The duality of electron localization and covalency in lanthanide and actinide metallocenes

Abstract

Previous magnetic, spectroscopic, and theoretical studies of cerocene, Ce(C₈H₈)₂, have provided evidence for non-negligible 4f-electron density on Ce and implied that charge transfer from the ligands occurs as a result of covalent bonding. Strong correlations of the localized 4f-electrons to the delocalized ligand π-system result in emergence of Kondo-like behavior and other quantum chemical phenomena that are rarely observed in molecular systems. In this study, Ce(C₈H₈)₂ is analyzed experimentally using carbon K-edge and cerium M_5,4-edge X-ray absorption spectroscopies (XAS), and computationally using configuration interaction (CI) calculations and density functional theory (DFT) as well as time-dependent DFT (TDDFT). Both spectroscopic approaches provide strong evidence for ligand → metal electron transfer as a result of Ce 4f and 5d mixing with the occupied C 2p orbitals of the C₈H₈²⁻ ligands.
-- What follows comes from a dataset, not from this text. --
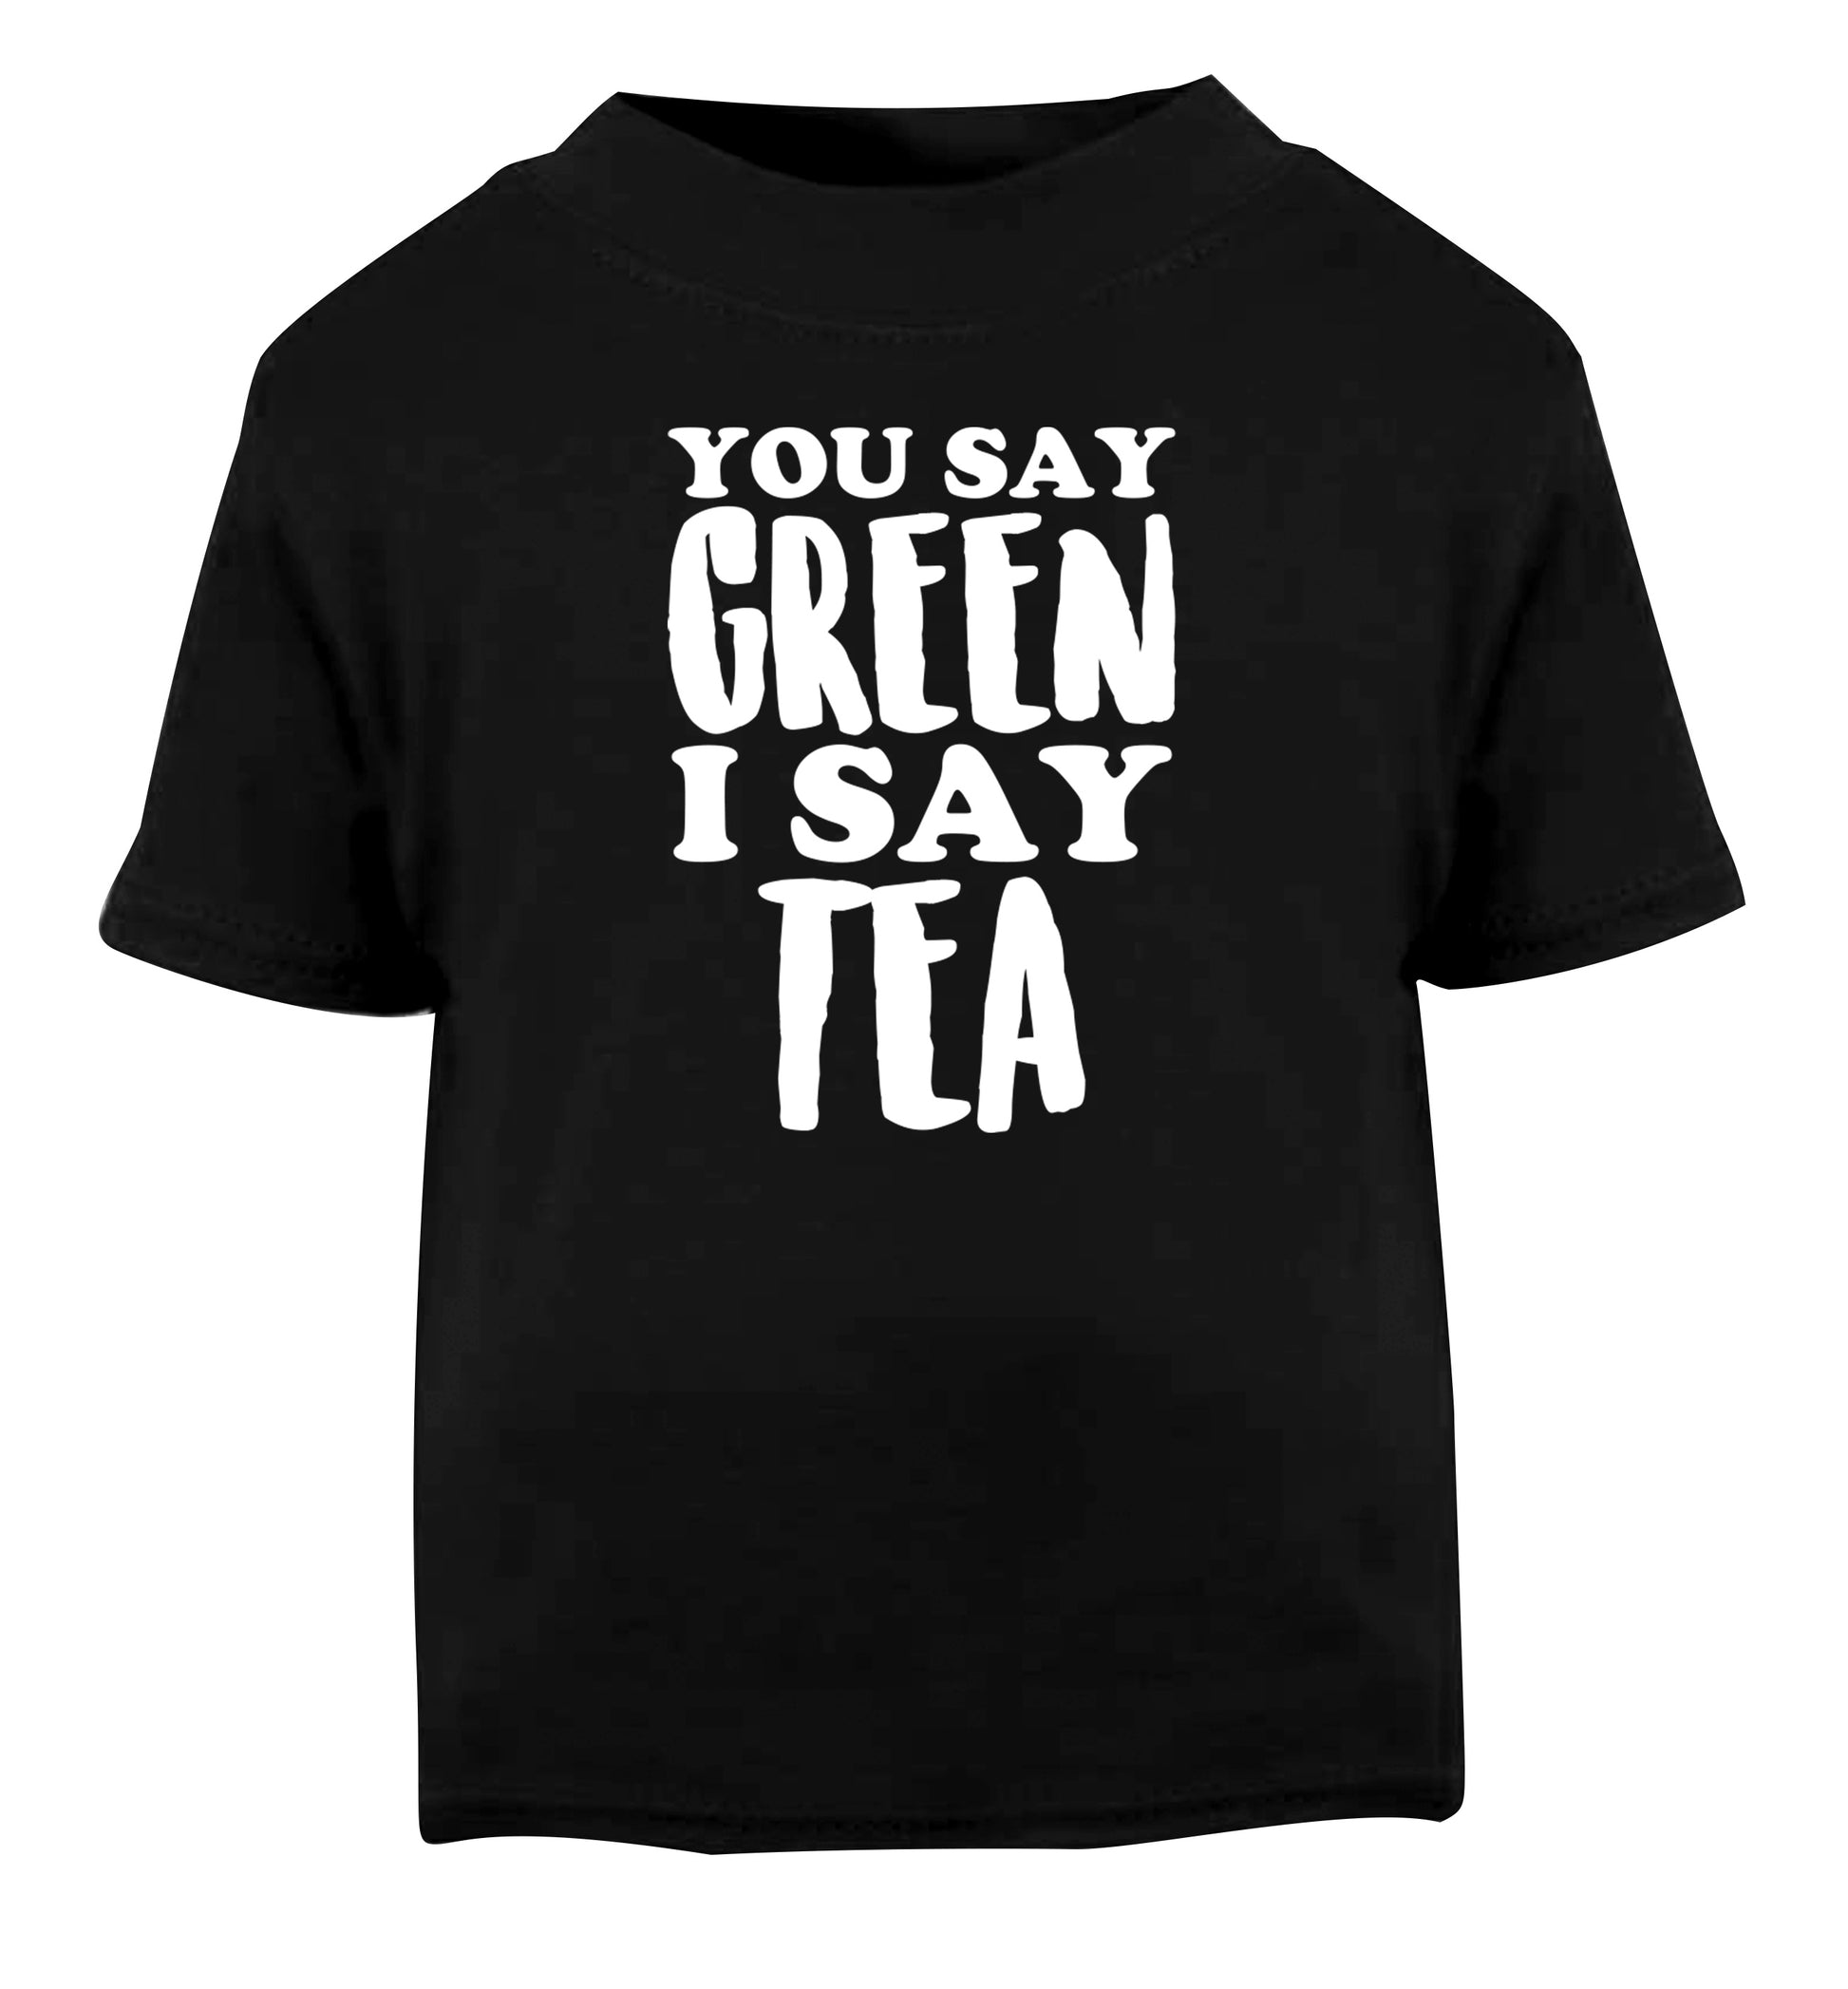 You say green I say tea! Black Baby Toddler Tshirt 2 years

Specifically, the Ce M_5,4-edge XAS and CI calculations show that the contribution of the 4f¹, or Ce³⁺, configuration to the ground state of Ce(C₈H₈)₂ is similar to strongly correlated materials such as CeRh₃ and significantly larger than observed for other formally Ce⁴⁺ compounds including CeO₂ and CeCl₆²⁻. Pre-edge features in the experimental and TDDFT-simulated C K-edge XAS provide unequivocal evidence for C 2p and Ce 4f covalent orbital mixing in the δ-antibonding orbitals of e_2u symmetry, which are the unoccupied counterparts to the occupied, ligand-based δ-bonding e_2u orbitals. The C K-edge peak intensities, which can be compared directly to the C 2p and Ce 4f orbital mixing coefficients determined by DFT, show that covalency in Ce(C₈H₈)₂ is comparable in magnitude to values reported previously for U(C₈H₈)₂. An intuitive model is presented to show how similar covalent contributions to the ground state can have different impacts on the overall stability of f-element metallocenes.